We should make a number of remarks at this point.

  • Above we slightly deviated from the standard notation as the usual form of the Parisi parameters would be

    $$\begin{aligned} 0< \hat{m}_1< \cdots< \hat{m}_r < 1 , \end{aligned}$$

    where \(\hat{m}_k\) can be expressed in terms of our parameters \(m_k\) as follows:

    $$\begin{aligned} \hat{m}_r = m_1; \quad \hat{m}_{r-1} = m_1 m_2; \quad \ldots ; \quad \hat{m}_{1} = m_1 m_2 \cdots m_r . \end{aligned}$$

    As a consequence, the indexing of \(\mathcal {F}_k\), \(\mathbb {E}_k\), \(T_k\) is in reverse order, and the definition of \(T_k\) simplifies a little because raising to power \(1/\hat{m}_{r-k+2}\) and then immediately to \(\hat{m}_{r-k+1}\) (as done, for example, in [23]) amounts to a single exponent \(\hat{m}_{r-k+1}/\hat{m}_{r-k+2}=m_k\) in our setting.

  • Also, generally there is an extra layer of randomness (starting from an \(\eta ^{(r+1)} \in \mathcal {P}^{r+1}\)) resulting in another expectation outside the \(\log \). This random choice is meant to capture the local structure of the graph in a given direction. However, when the underlying graph is d-regular (meaning that essentially all vertices see the same graph structure locally), we do not need this layer of randomness (in principle).

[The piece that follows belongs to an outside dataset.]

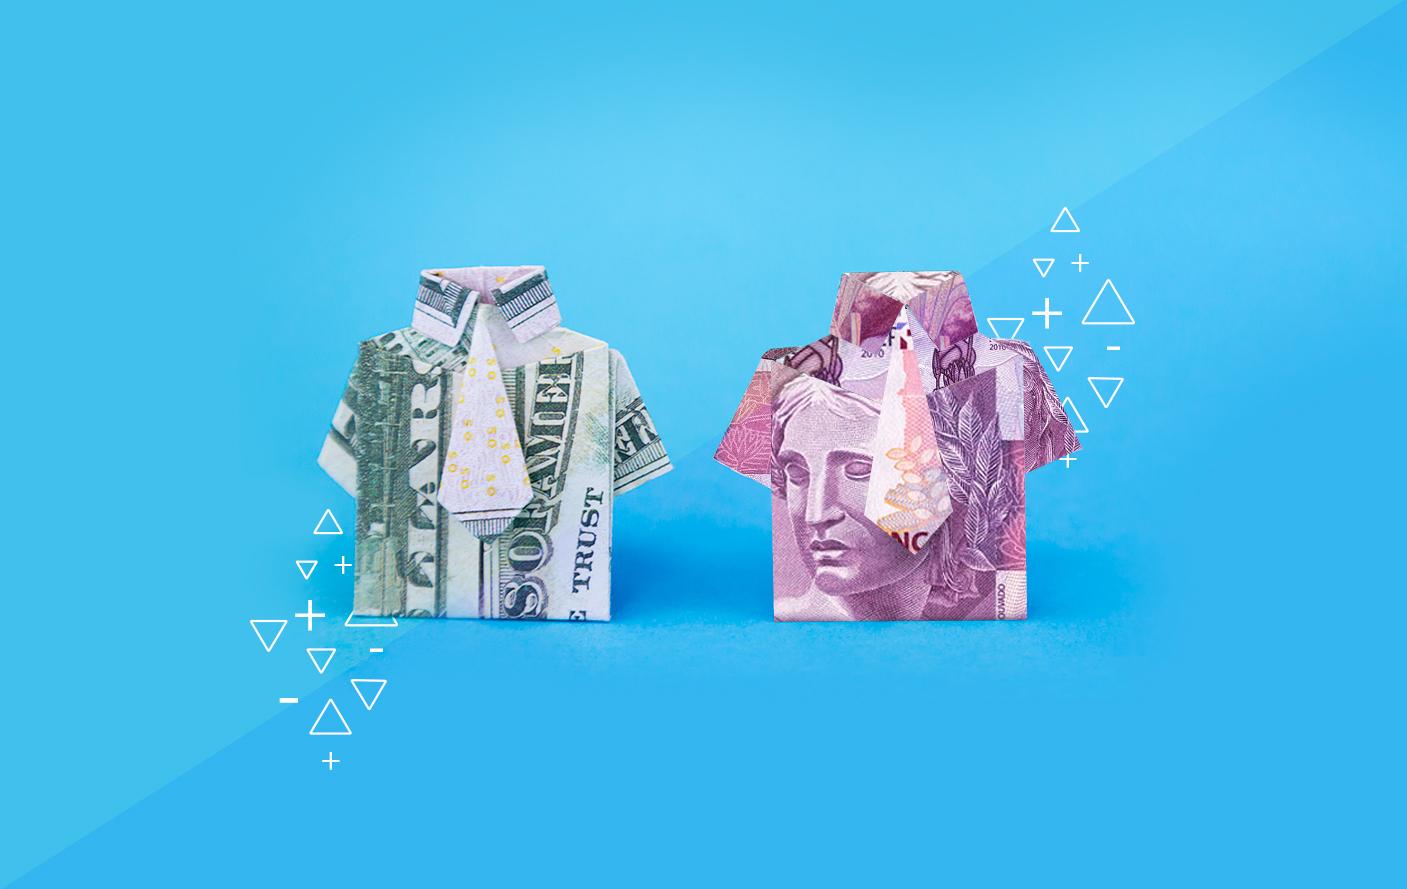 Taxa de câmbio: fundo azul com duas notas de dinheiro, um dólar e uma nota de cinco reais. As notas estão dobradas em formato de camisa social.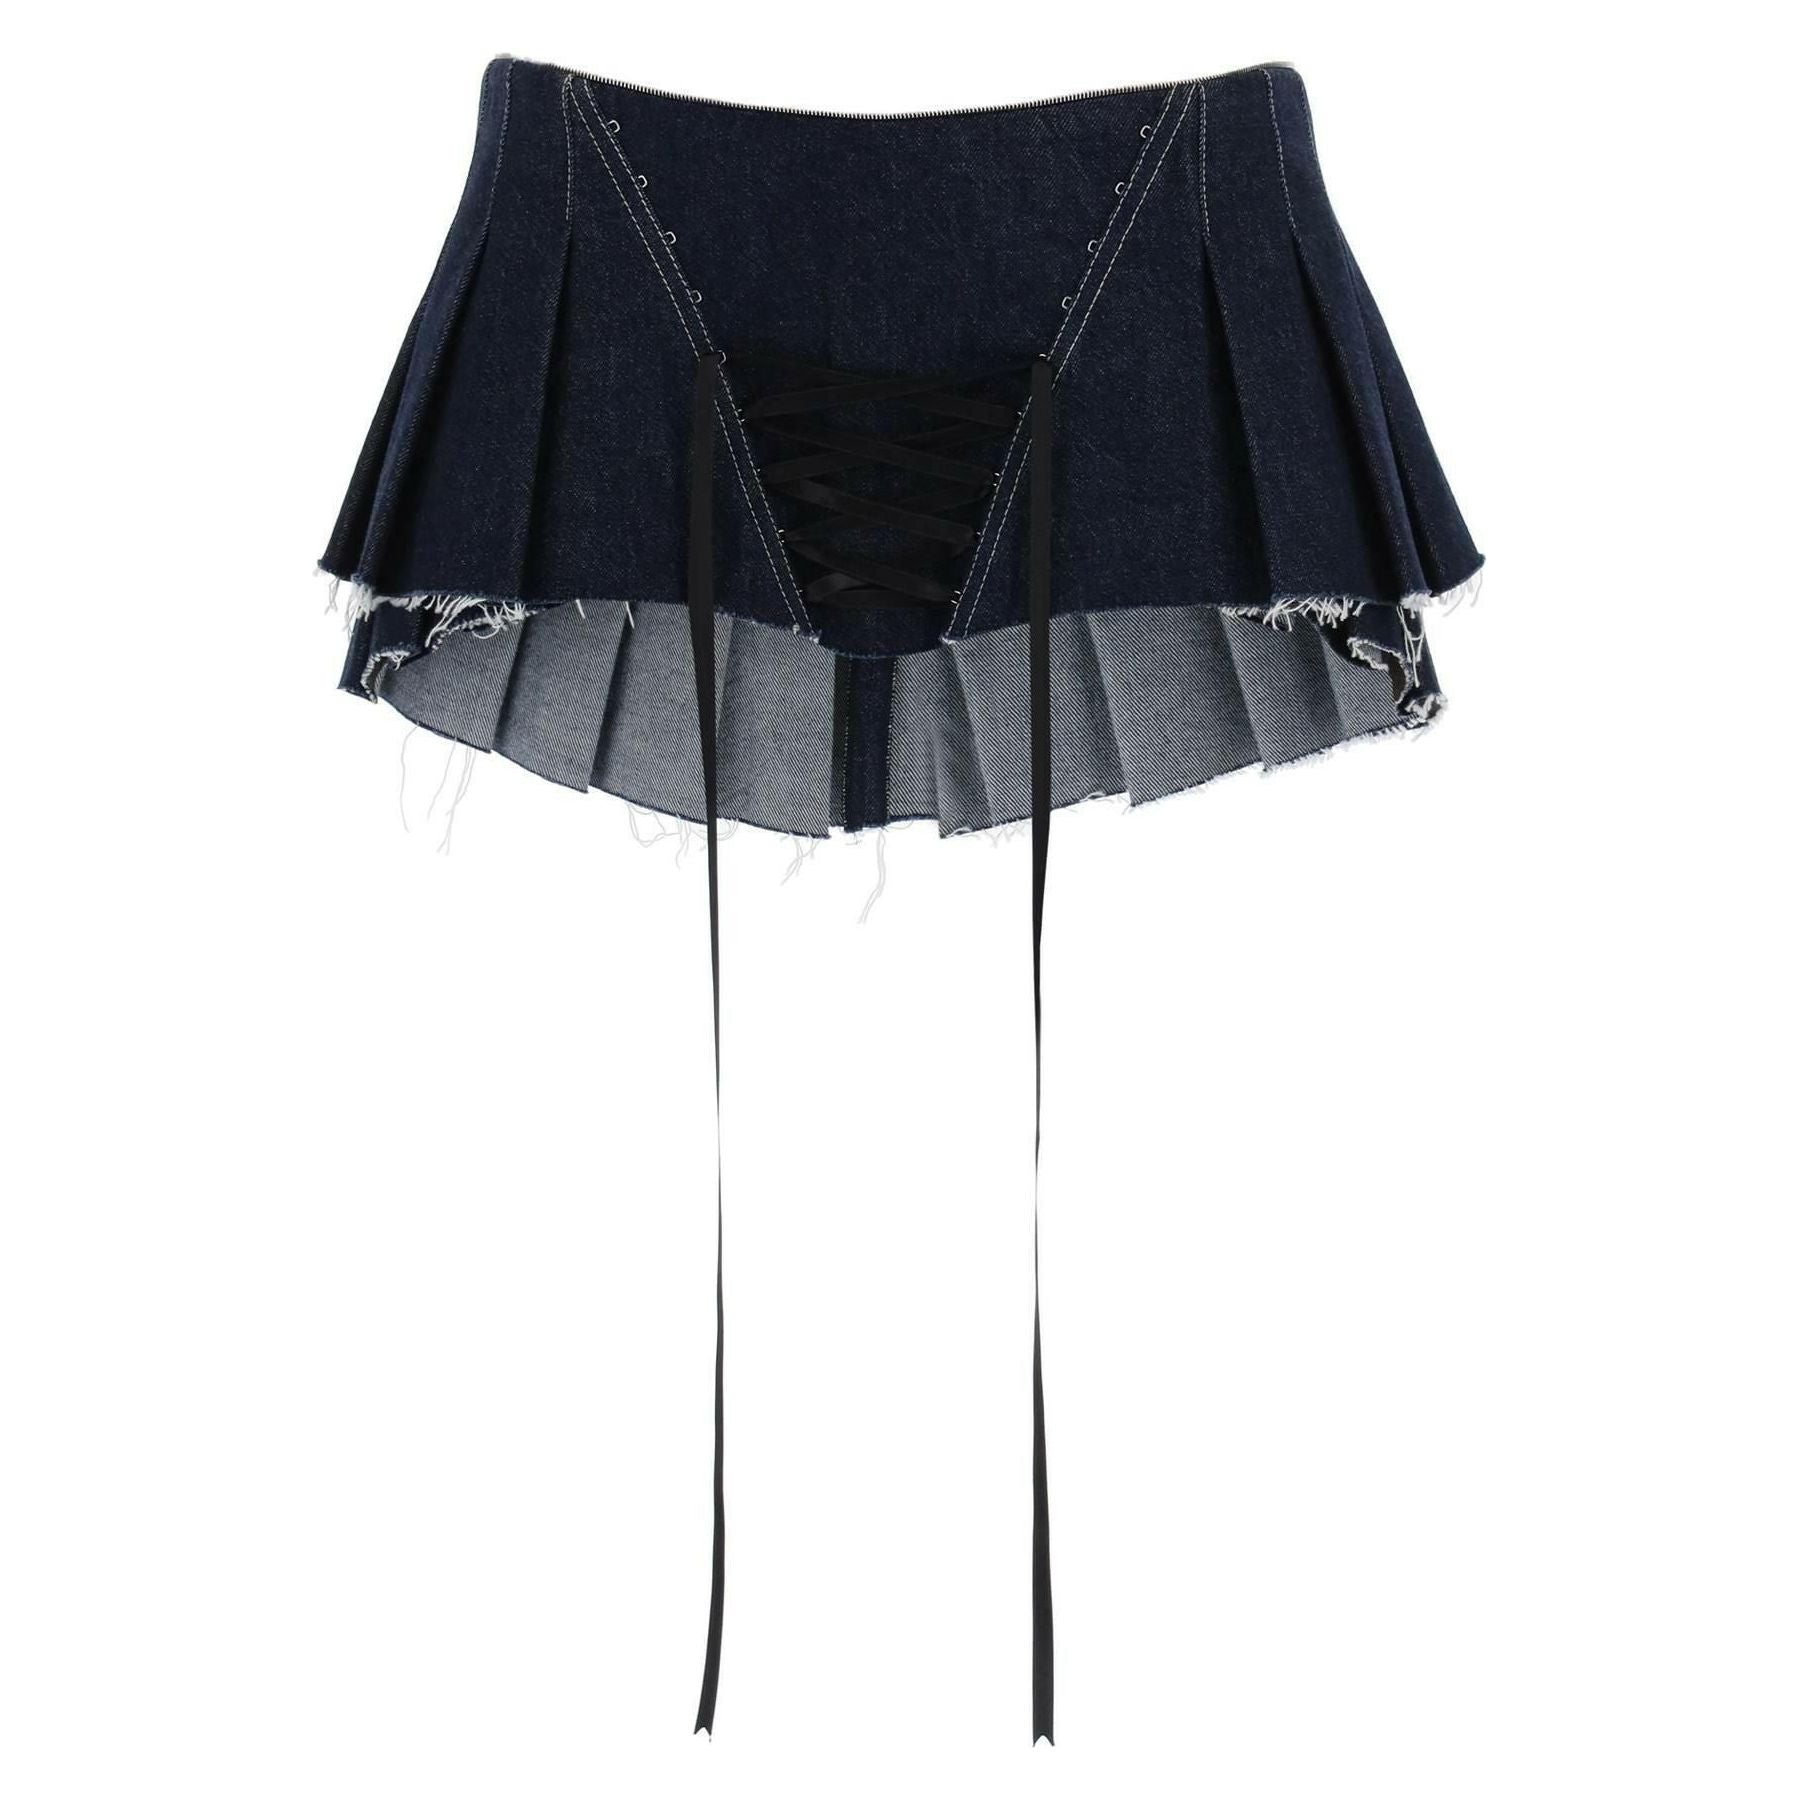 Micro Pleated Skirt With Corset DILARA FINDIKOGLU JOHN JULIA.

Therefore, in the d-regular case one normally chooses a trivial \(\eta ^{(r+1)} = \delta _{\eta ^{(r)}}\). That is why we omitted \(\eta ^{(r+1)}\) and started with a deterministic \(\eta ^{(r)}\).

    For \(d \ge 20\), where the 1-RSB bound is (conjectured to be) tight, the optimal choice of parameters indeed uses a trivial \(\eta ^{(r+1)} = \delta _{\eta ^{(r)}}\) with r being 1 in this case.

    For \(d \le 19\), the same choice gives us a 1-RSB upper bound (which is not tight any more). Let us call this the standard 1-RSB bound, and, in general, we call an r-RSB bound standard if it was obtained by using a deterministic \(\eta ^{(r)}\) at the start. Then a non-standard bound would use \(\eta ^{(r+1)}\) (and hence random \(\eta _\ell ^{(r)}\) variables). Note that a non-standard r-RSB bound is actually a special case of standard \((r+1)\)-RSB bounds in the limit \(m_{r+1} \rightarrow 0\). So even though it is possible to improve on standard r-step bounds by non-standard r-step bounds, it actually makes more sense to use the extra layer to move to \((r+1)\)-step bounds instead (and use some positive \(m_{r+1})\).

  • The full RSB picture is well-understood for the famous Sherrington–Kirkpatrick model [22, 26], where the infimum of the r-RSB bound converges to the free energy as \(r \rightarrow \infty \). It is reasonable to conjecture that this is the case for the hard-core model as well. There is some progress towards this in [8] where a variational formula is obtained for \(\alpha _d^*\).

2.2 A Specific Choice

The formula in Theorem 2.2 would be hard to work with numerically because it would only give good results for very large \(\lambda \). So we make a specific choice (similar to the one made in [19, Section 3.2.1] in the case \(r=1\)) that may not be optimal but will allow us to use numerical optimization. We consider the limit \(\lambda \rightarrow \infty \) and \(m_1 \rightarrow 0\) in a way that \(m_1 \log \lambda \) stays constant and x is concentrated on the two-element set \(\{0, 1-1/\lambda \}\), meaning that \(\eta ^{(1)}\) is a distribution \(q \delta _{1-1/\lambda } + (1-q) \delta _0\) for some random \(q \in [0,1]\).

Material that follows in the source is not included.